## DIRECTIONS
Your task is to print all of the data below exactly, with no pictures included.
[DATASET EXTRACT Boundary: Start]
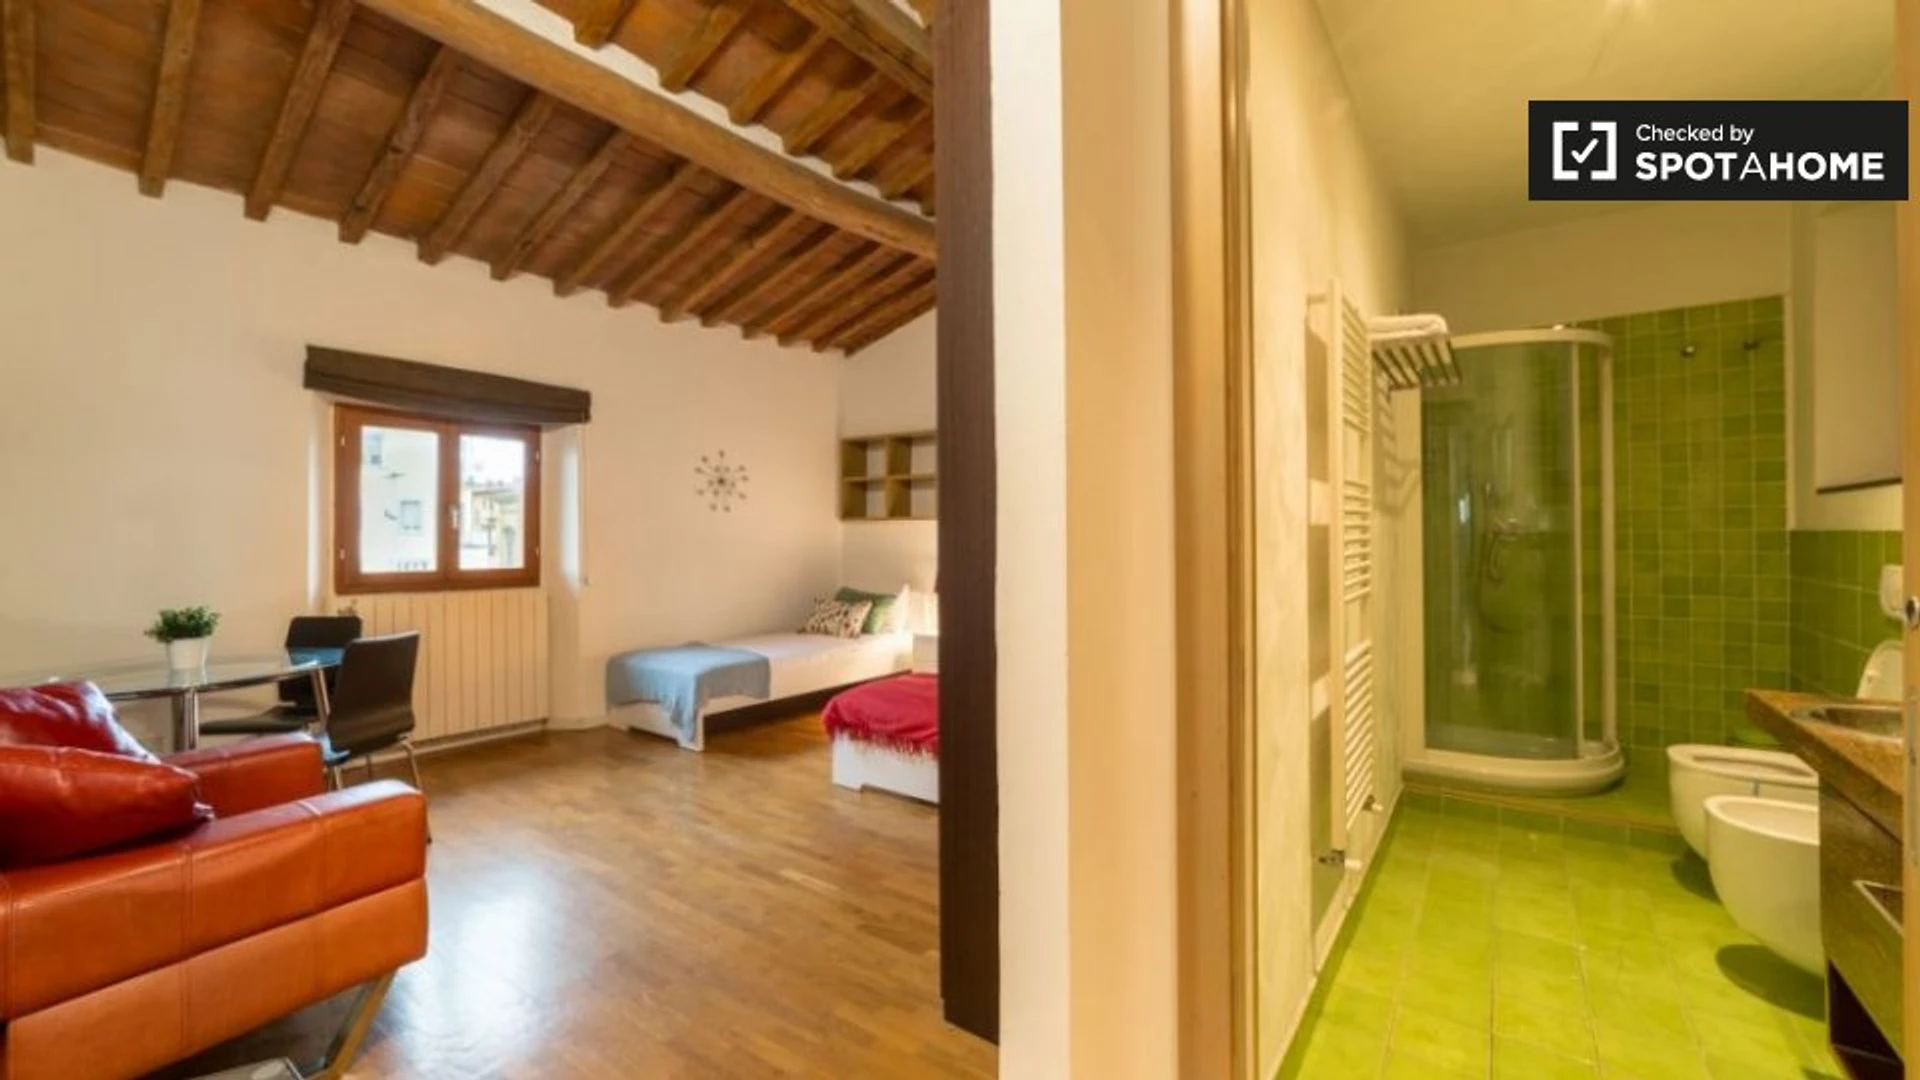 Alquiler de habitación en piso compartido en Florencia
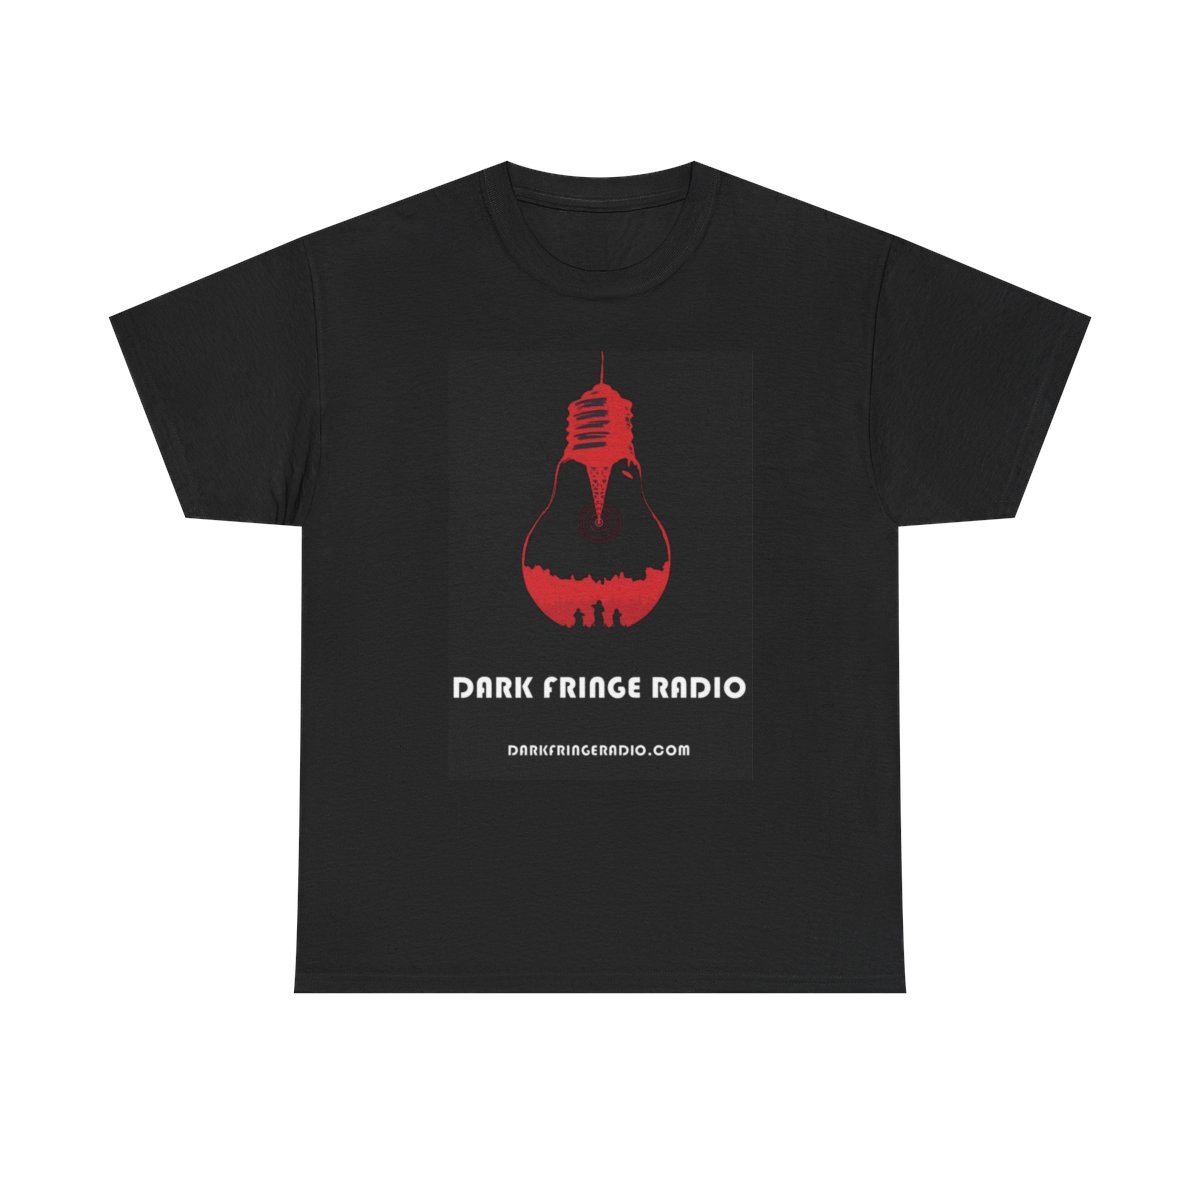 Dark Fringe Radio "The Signal" T-Shirt product main image
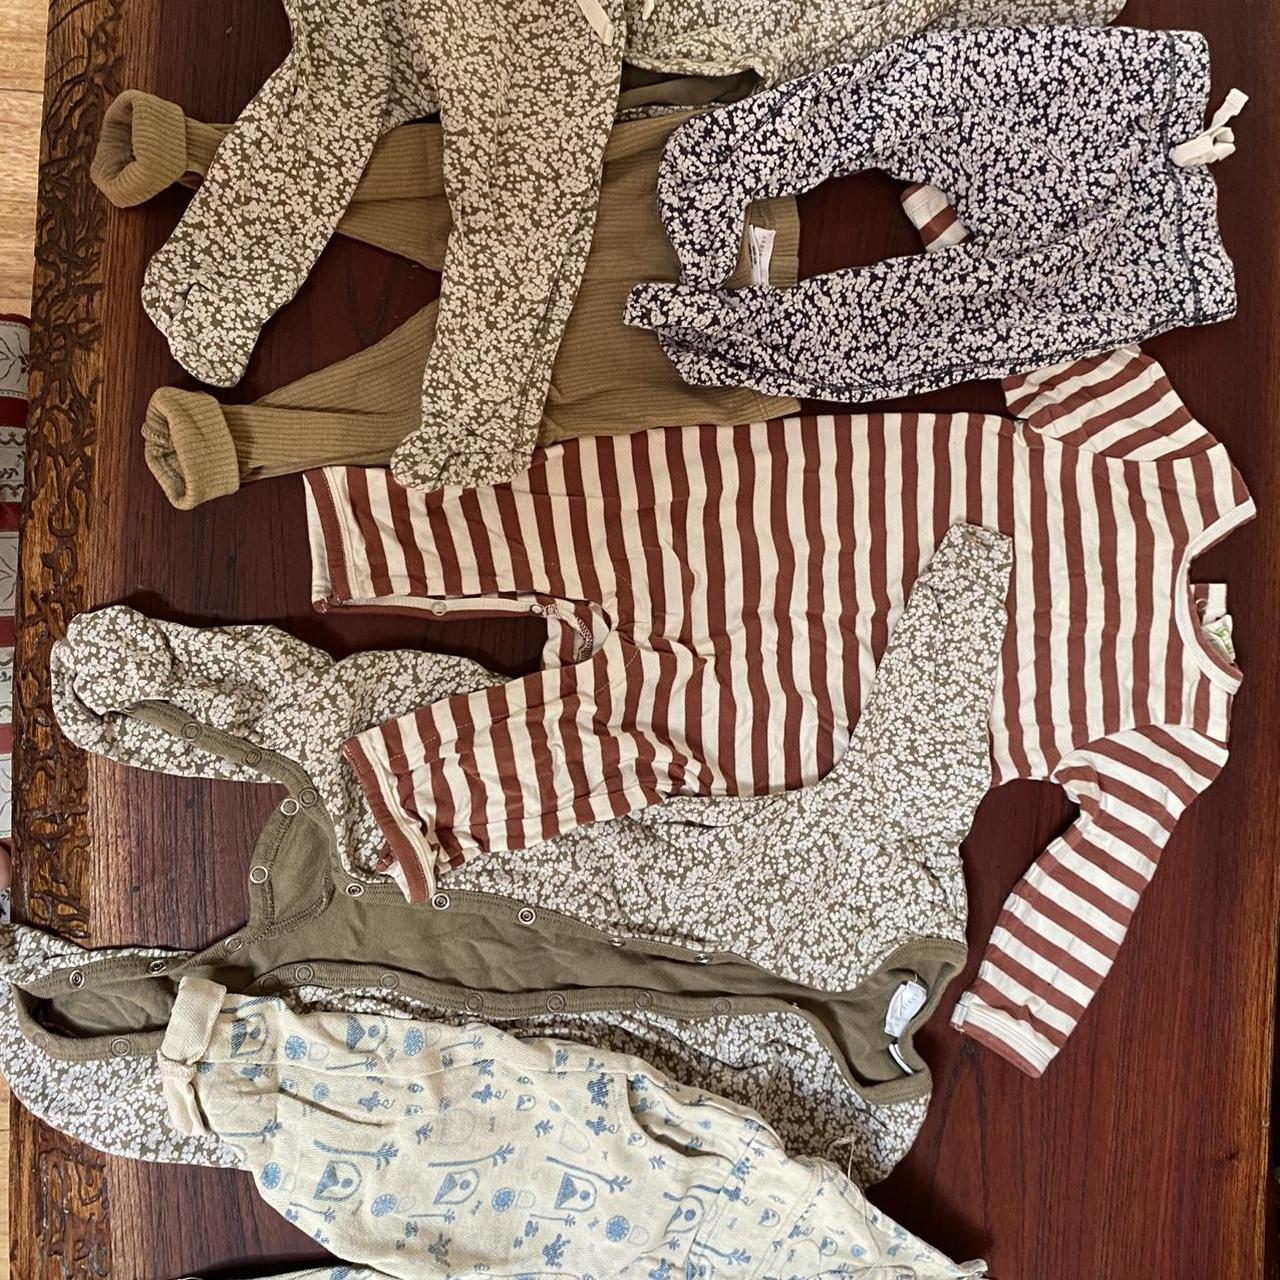 Neutral baby bundle 3-6 months Brands - Jamie Kay,... - Depop
[DATASET EXTRACT Boundary: End]
## COMPLETED TASK
 Alquiler de habitación en piso compartido en Florencia
 Dark Fringe Radio "The Signal" T-Shirt product main image
 Neutral baby bundle 3-6 months Brands - Jamie Kay,... - Depop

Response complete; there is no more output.